Observably, this development functions less as an immediate regulatory change and more as a coordinated policy signal—aligning with broader EU efforts to embed security-by-design into digital product legislation (e.g., the Cyber Resilience Act). Analysis shows that the emphasis on firmware-level controls—rather than only application-layer safeguards—reflects growing recognition of the attack surface presented by deeply embedded systems. From an industry perspective, the Ministry of Commerce’s countermeasure language signals heightened sensitivity to extraterritorial cybersecurity requirements, suggesting future alignment efforts may focus on reciprocity frameworks rather than unilateral adaptation. It is currently more appropriate to interpret this as a preparedness trigger than a compliance deadline.

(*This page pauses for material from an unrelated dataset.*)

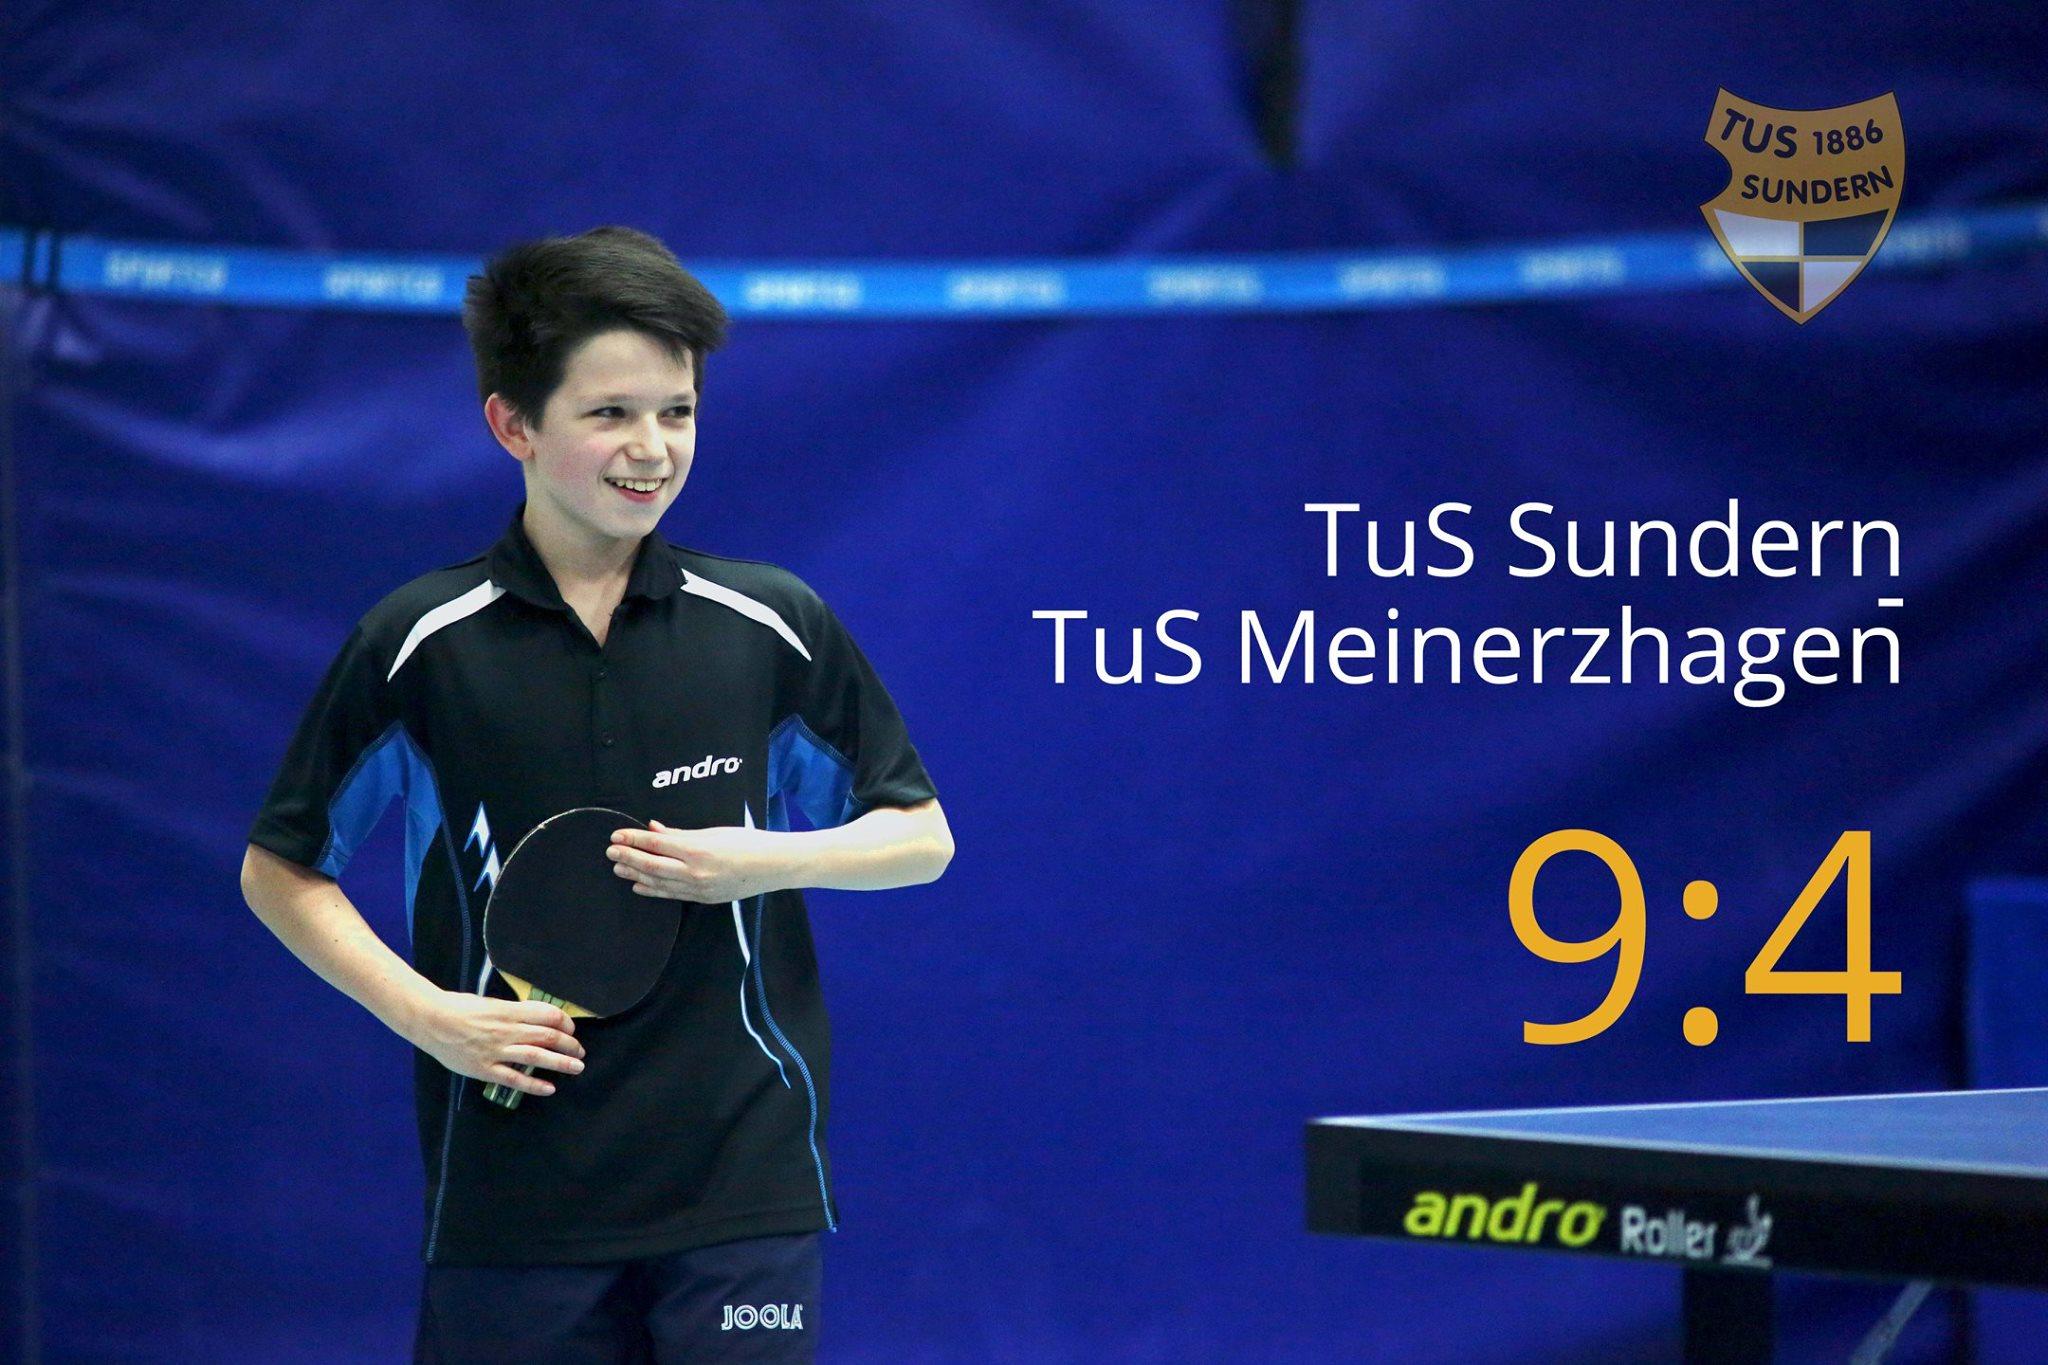 TUS - Sundern - Tus Meinerzhagen 02-16

Concluding, the April 27, 2026 announcement marks a formal escalation in the convergence of cybersecurity regulation and hardware export policy. Its primary significance lies not in near-term enforcement, but in clarifying the direction of regulatory expectation: PPM must be architected—not retrofitted—and verified at the firmware layer. For affected enterprises, sustained attention to EU legislative drafting progress, rather than reactive redesign, remains the most operationally sound posture.
Source: Ministry of Commerce of the People’s Republic of China (official statement, April 27, 2026). Note: The EU’s revised Cybersecurity Act remains in draft form; final text, entry-into-force date, and transitional provisions are pending further consultation and adoption procedures.